I am so guilty. I am just as responsible as the next American parent for a phenomenon that is swiftly and sadly sweeping the nation.
Techno-Kids. That’s not what the experts call them, but it’s my word. These are the kids who aren’t getting enough of real life because the majority of their time is spent using some type of technology device.
I sense a type of irony here since I am using a laptop (technology). Let me explain.
Last night as I was trying to power down my brain before bed, I was thumb-scrolling mindless posts on Facebook. Yep, there’s that double standard again. I stumbled on the following post. Reasons Today’s Kids are Bored at School, Feel Entitled, Have Little Patience and Few Real Friends
It’s a harsh title, but I’m a teacher, so I clicked and read. And
It. Hit. Home.
My teacher friends have lamented for years that kids are getting “worse”. They won’t sit still anymore. They’re bored.They are ruder, they interrupt more. They argue with peers more. Consequences don’t phase them. They’re bored. They whine. They can’t handle any challenge. They refuse to try if you’re not holding their hand. They’re bored.
And all the parents blame US for their children’s failure in schools. Socially, behaviorally, and academically. We are TRYING so very hard to help the children we serve. Every second, every report, every test we’re forced to give. We’re trying, but the kids (not all), just aren’t rising to the occasion. The potential of a generation is sitting, stagnating, and atrophying before it is ever cultivated. It is defeating and even the best teachers sometimes have a hard time finding the motivation to do it again the next day.
It’s not a revelation that technology has a hand in what is happening to AN ENTIRE GENERATION OF AMERICANS. The revelation that I had last night I AM ONE OF THOSE PARENTS. I am raising a child who is going to turn into one of the thousands of children across the country that can’t do anything for themselves because they are so dependent on their glowing box of entertainment.
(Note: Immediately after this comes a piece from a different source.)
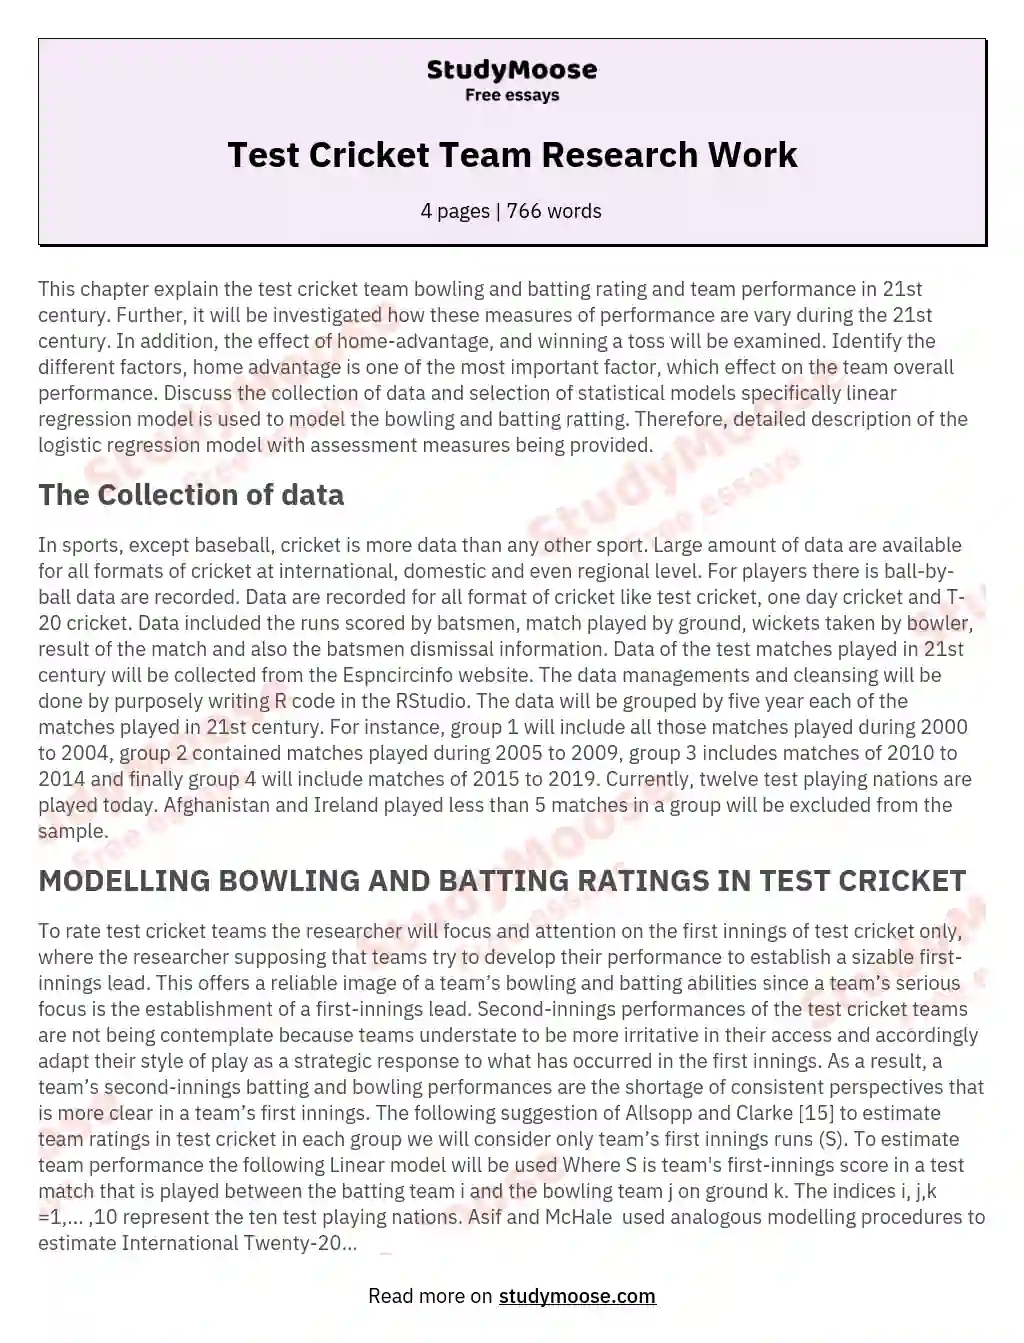 Test Cricket Team Research Work essay
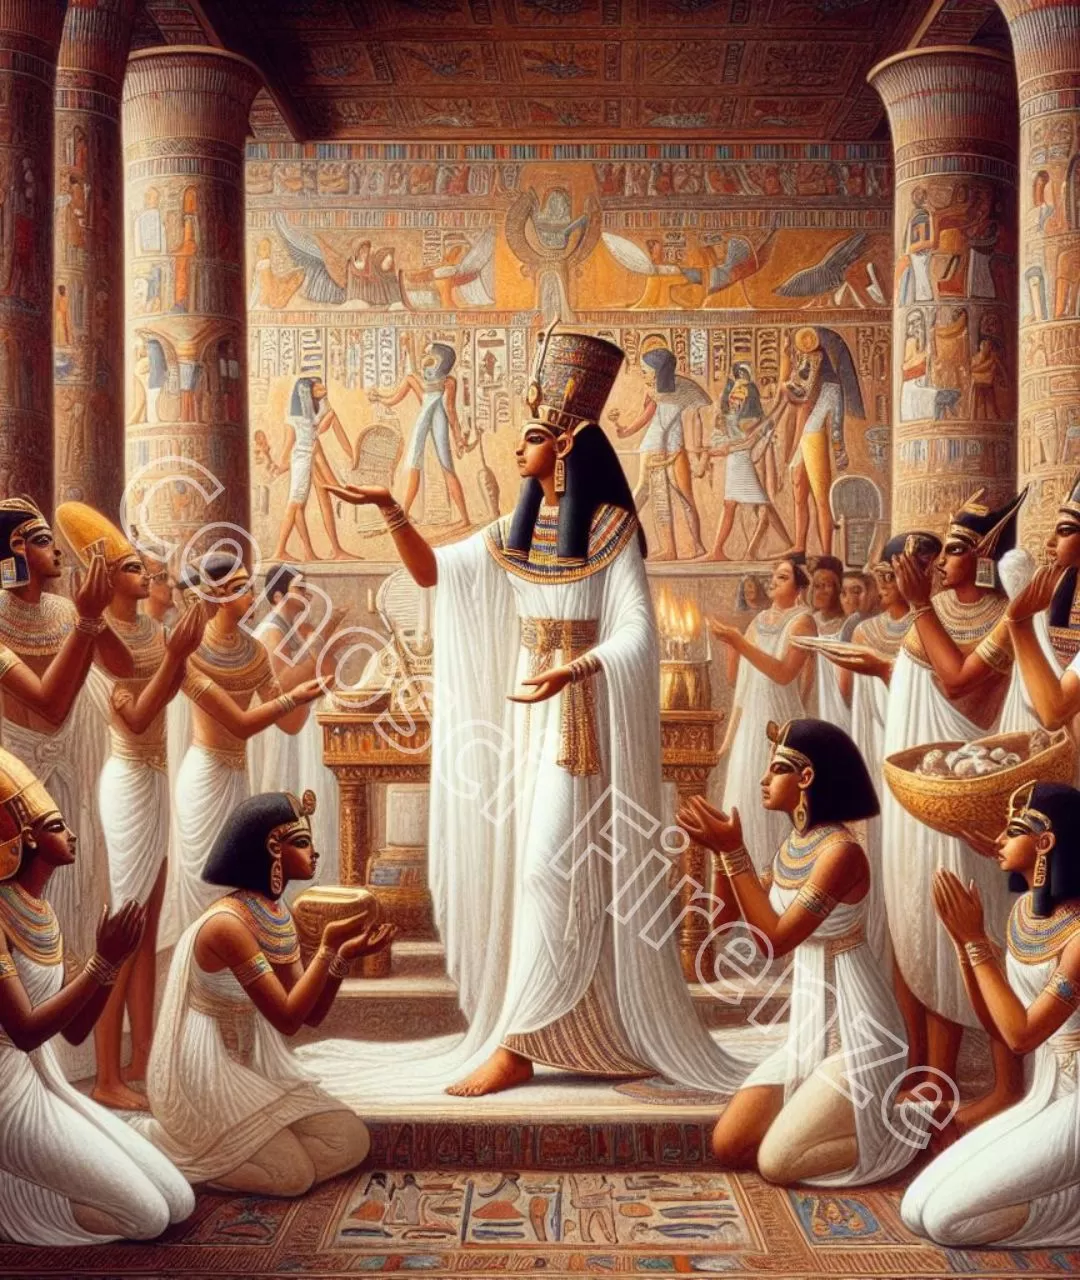 Raffigurazione dell'uso del lino nella corte di Nefertari, con la regina che indossa un elaborato abito di lino bianco mentre offre doni agli dei.

Because we love them so much we help them do everything. Because we are blessed enough to have the means to give them what they want. We’re not helping them. We aren’t raising them anymore.
I SWORE I would not let my kids grow up to be one of THEM. For the first YEAR of my oldest’s life, she did not watch TV. We ate dinner as a family and talked to her. She was my pride and joy as my teacher-heart watched her play in the floor, ‘reading’ the same 3 books over and over. Then, to my pride…She really was reading the books! Early literacy is being able to tell the story by looking and describing what is going on in the pictures. At 14 months old, you could give her a book and she would make up a story. (very broken words, yes, but the point is she was so incredibly engaged).
Then, I unexpectedly got pregnant with our little boy. By the time my daughter was 18 months old, I was 7 months pregnant, but I was full-on Dudley Dursley by that point. For the non-Harry Potter fans (books, not movies), that equals roughly the size and shape of a baby whale. At 30 weeks, I had reached the size most people are at 40 weeks- The size I was when my first was born. My back hurt so much I could barely walk. My feet were beginning to fracture under the weight of the small planet that was growing inside me. Having an energetic 18-month old who loved to run, jump, climb, be carried, ‘sit in the floor with me’, had become so exhausting and I just needed to sit down after being at work all day and I was no longer up to dedicating the time and energy to her that I had been previously. I worked full-time as a teacher up until 37 weeks in that condition–in a brand new position, too– and it. was. rough. I needed help. Insert technology here.
By 30 weeks, sweet girl was watching TV. Yep, I gave in. Then, I downloaded ABCMouse.com because I had seen it advertised on PBS. I was still trying hard to make sure that anything she saw on TV was wholesome and educational. It advertised that it was books in an app that kids could choose from and it would encourage early literacy and love for books. Well, let me just say that it is a pretty great app as far as they go. It’s definitely worth the subscription fee, except… It was the Pandora’s box for my family.
Slowly, the ability to sit in the floor and engage with a book began to fade. She preferred to be able to instantly have that entertainment without having to work for it. She found my Netflix app and could navigate it without any effort. Suddenly, she’s gazing like a zombie at idiotic shows that have no educational value. I let it slide because I knew that as soon as I had that baby, I’d be able to physically move and engage her again.
After I birthed my dwarf planet, (little Dude was 11.1 at birth. Yeah. I know. I mean. Yeah.) I discovered a type of busy that I didn’t know existed. My bright baby girl slipped deeper into iPad land. Just watch this while I nurse your brother back to sleep. Here, watch this so I can cook dinner quickly while your brother naps.
I have become on of those…. I am working hard now to fix this though. I knew it had become a problem, but now is the time to correct it…while they are young and I still can!
Tomorrow is Saturday. What a great way to start. Let’s get back to the LAND and set our souls free. See ya on the homestead tomorrow!